● **REQUIRED ACTION**:
In the listing that follows, find the line with "#الأيدي_النظيفة تنقذ الأرواح.", then copy exactly from it through the line with "#نظافة_الأيدي جيدًا هي", leaving out every picture.

● **PROVIDED RECORDS**:
Segment Open

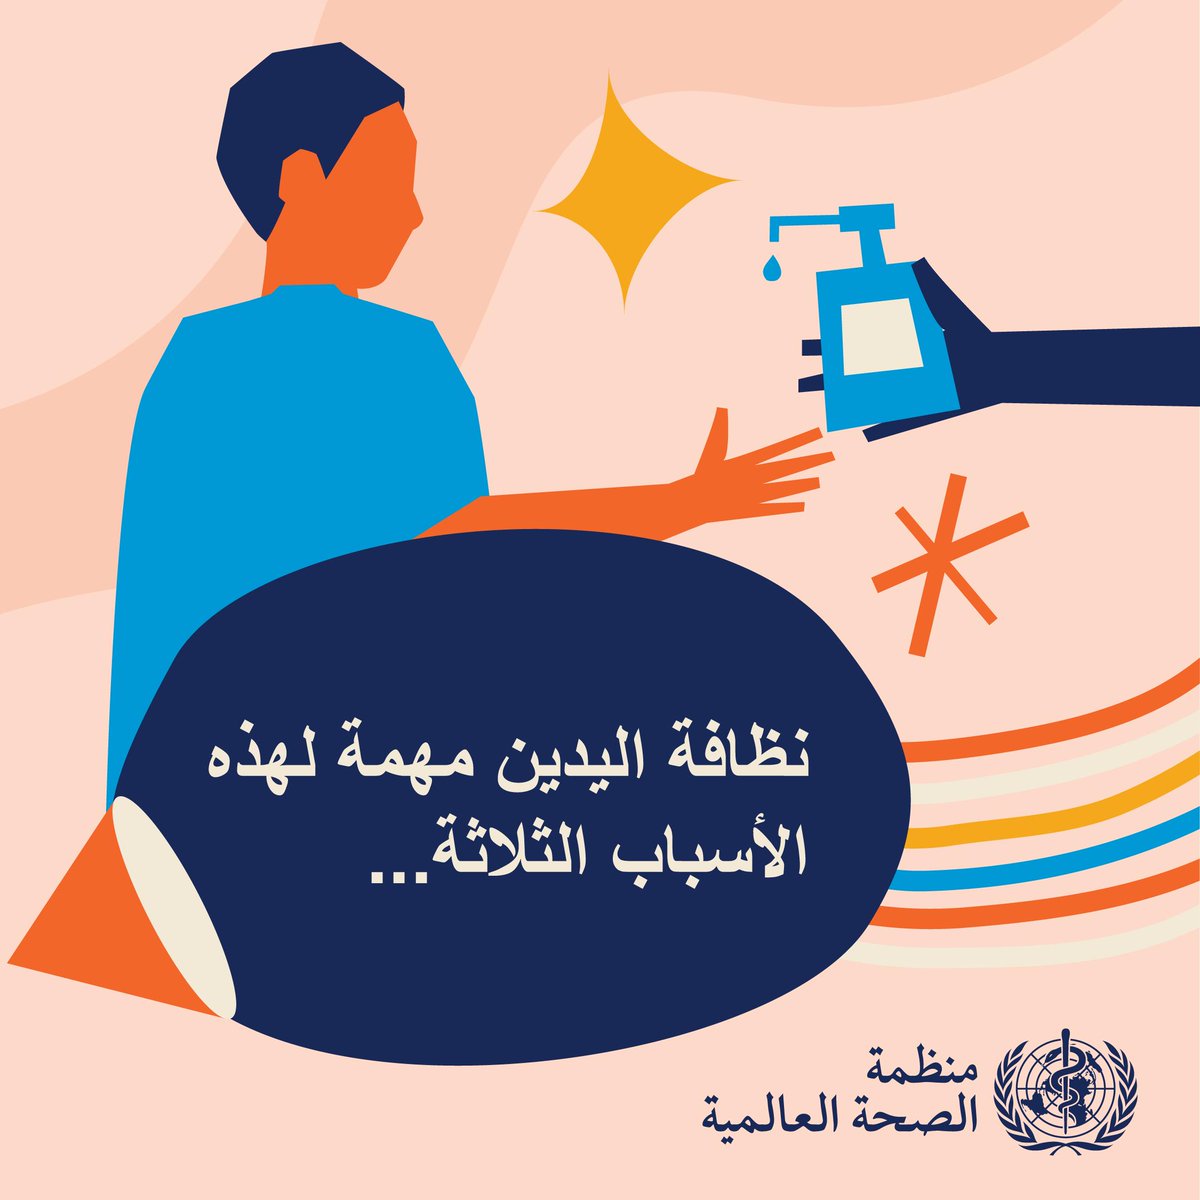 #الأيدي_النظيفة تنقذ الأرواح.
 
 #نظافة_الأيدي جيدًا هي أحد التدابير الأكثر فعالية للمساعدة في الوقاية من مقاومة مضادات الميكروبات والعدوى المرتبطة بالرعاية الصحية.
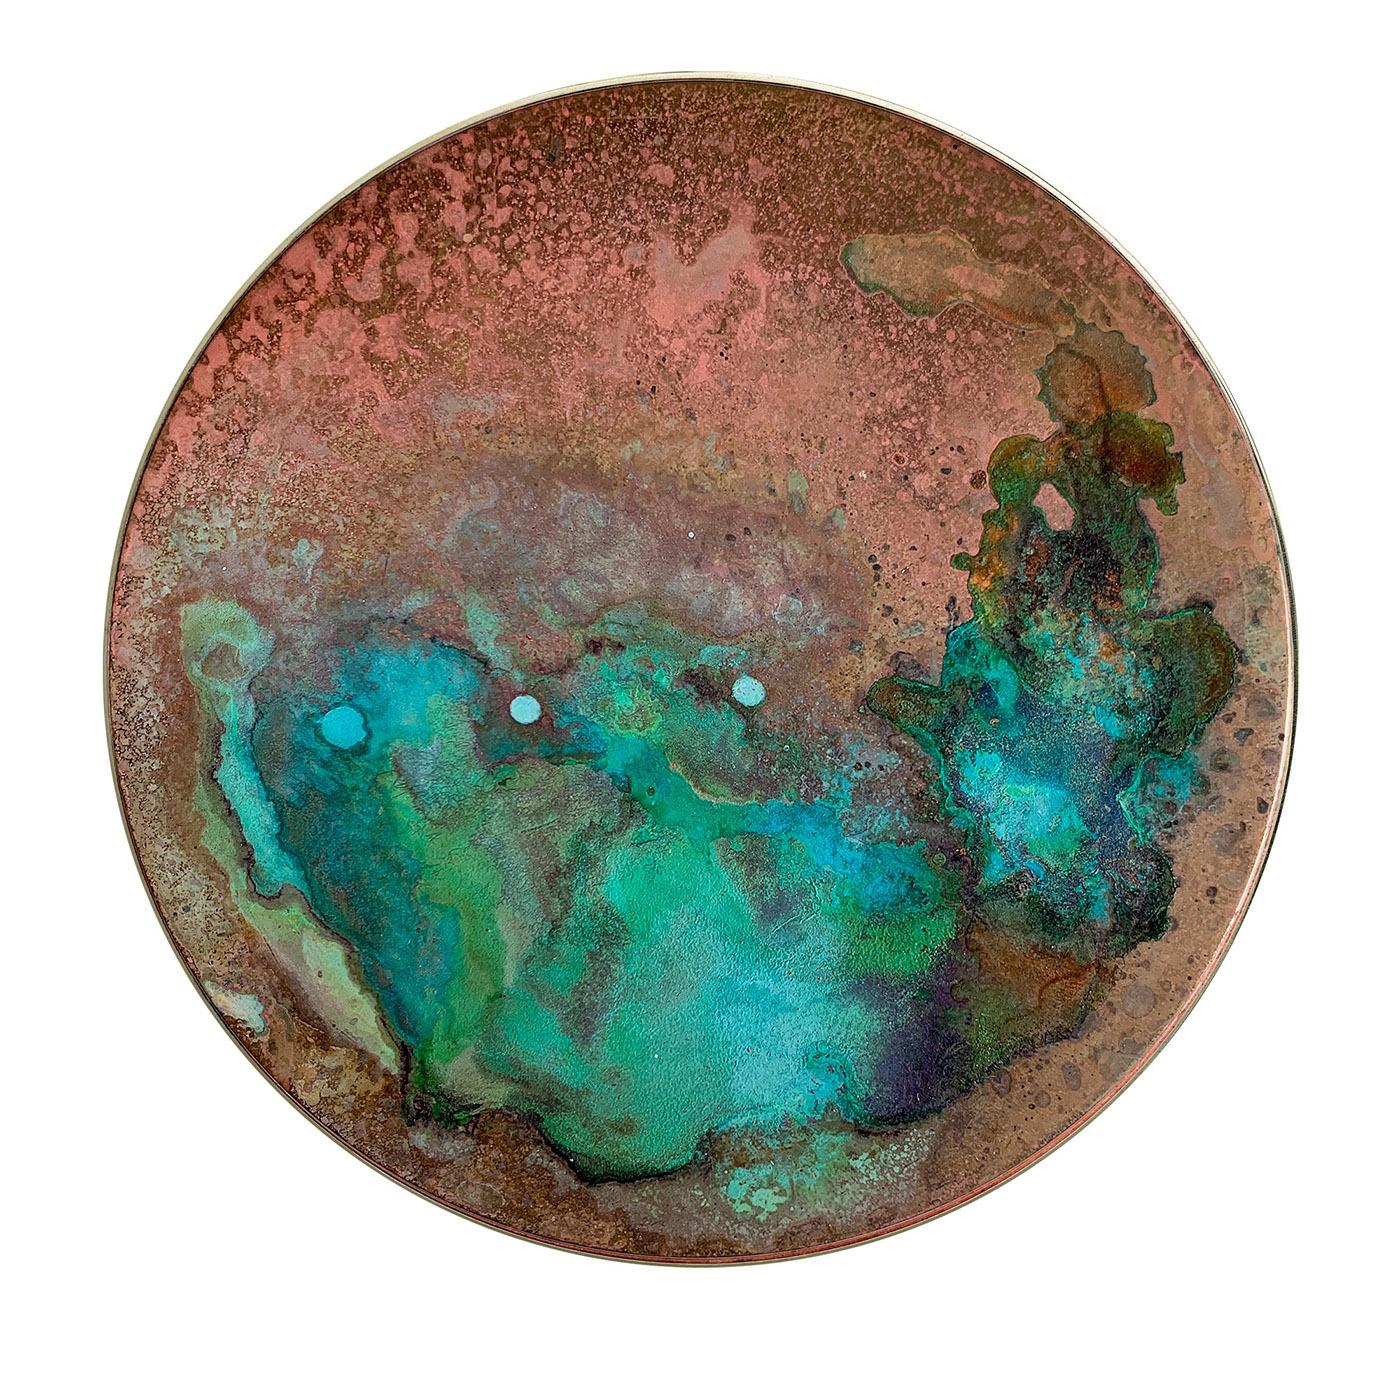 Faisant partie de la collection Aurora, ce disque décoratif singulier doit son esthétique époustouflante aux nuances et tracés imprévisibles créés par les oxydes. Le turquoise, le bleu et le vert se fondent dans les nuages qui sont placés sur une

Segment Closed
Segment Open

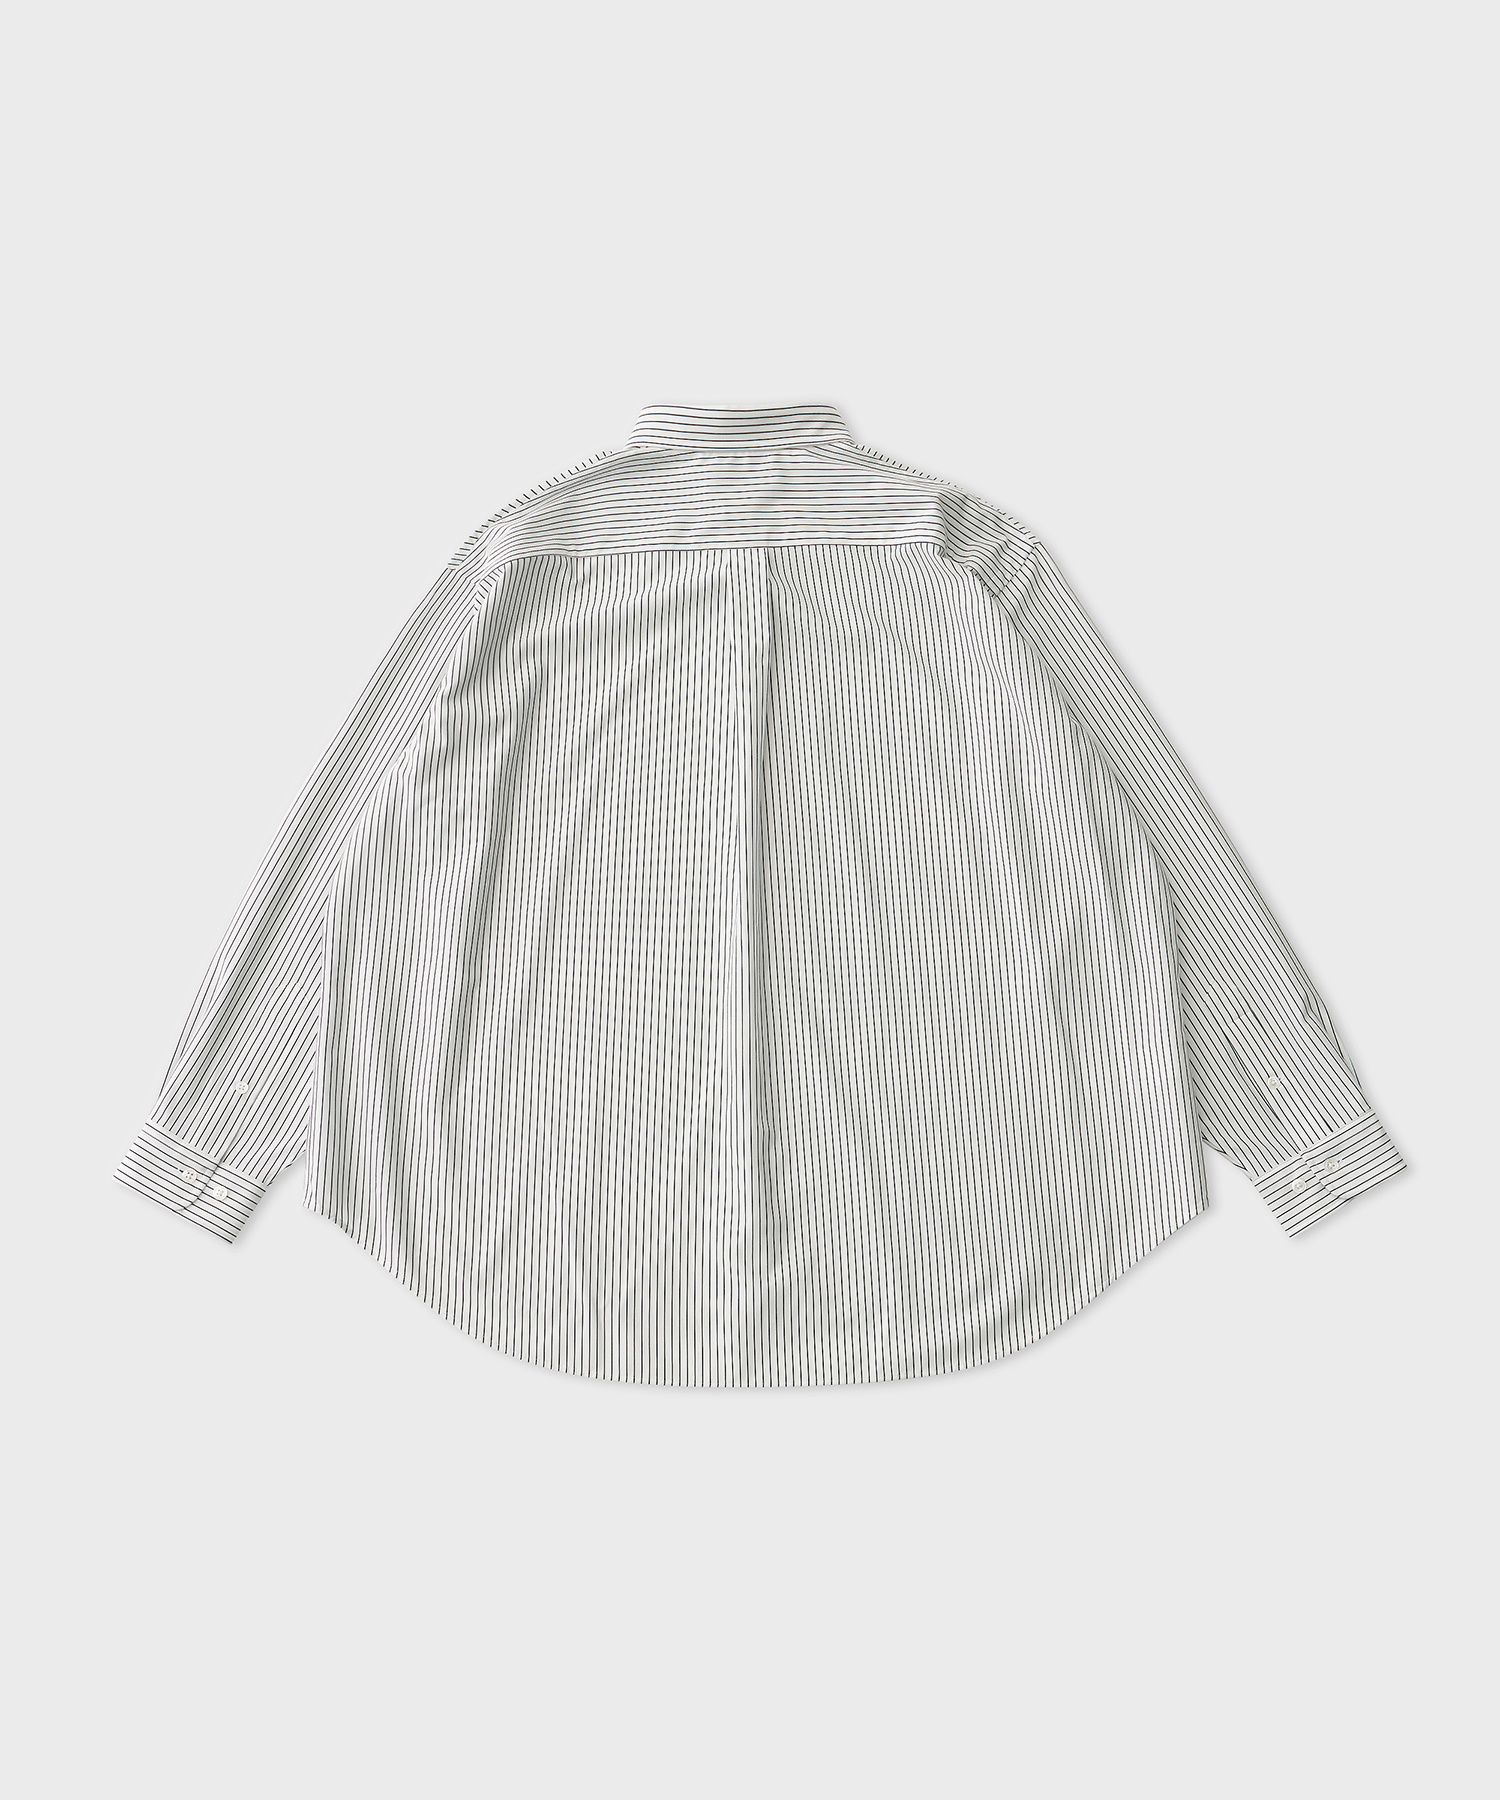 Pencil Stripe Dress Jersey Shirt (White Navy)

Segment Closed

● **SOLUTION FOR THIS PROBLEM**:
 #الأيدي_النظيفة تنقذ الأرواح.
 
 #نظافة_الأيدي جيدًا هي أحد التدابير الأكثر فعالية للمساعدة في الوقاية من مقاومة مضادات الميكروبات والعدوى المرتبطة بالرعاية الصحية.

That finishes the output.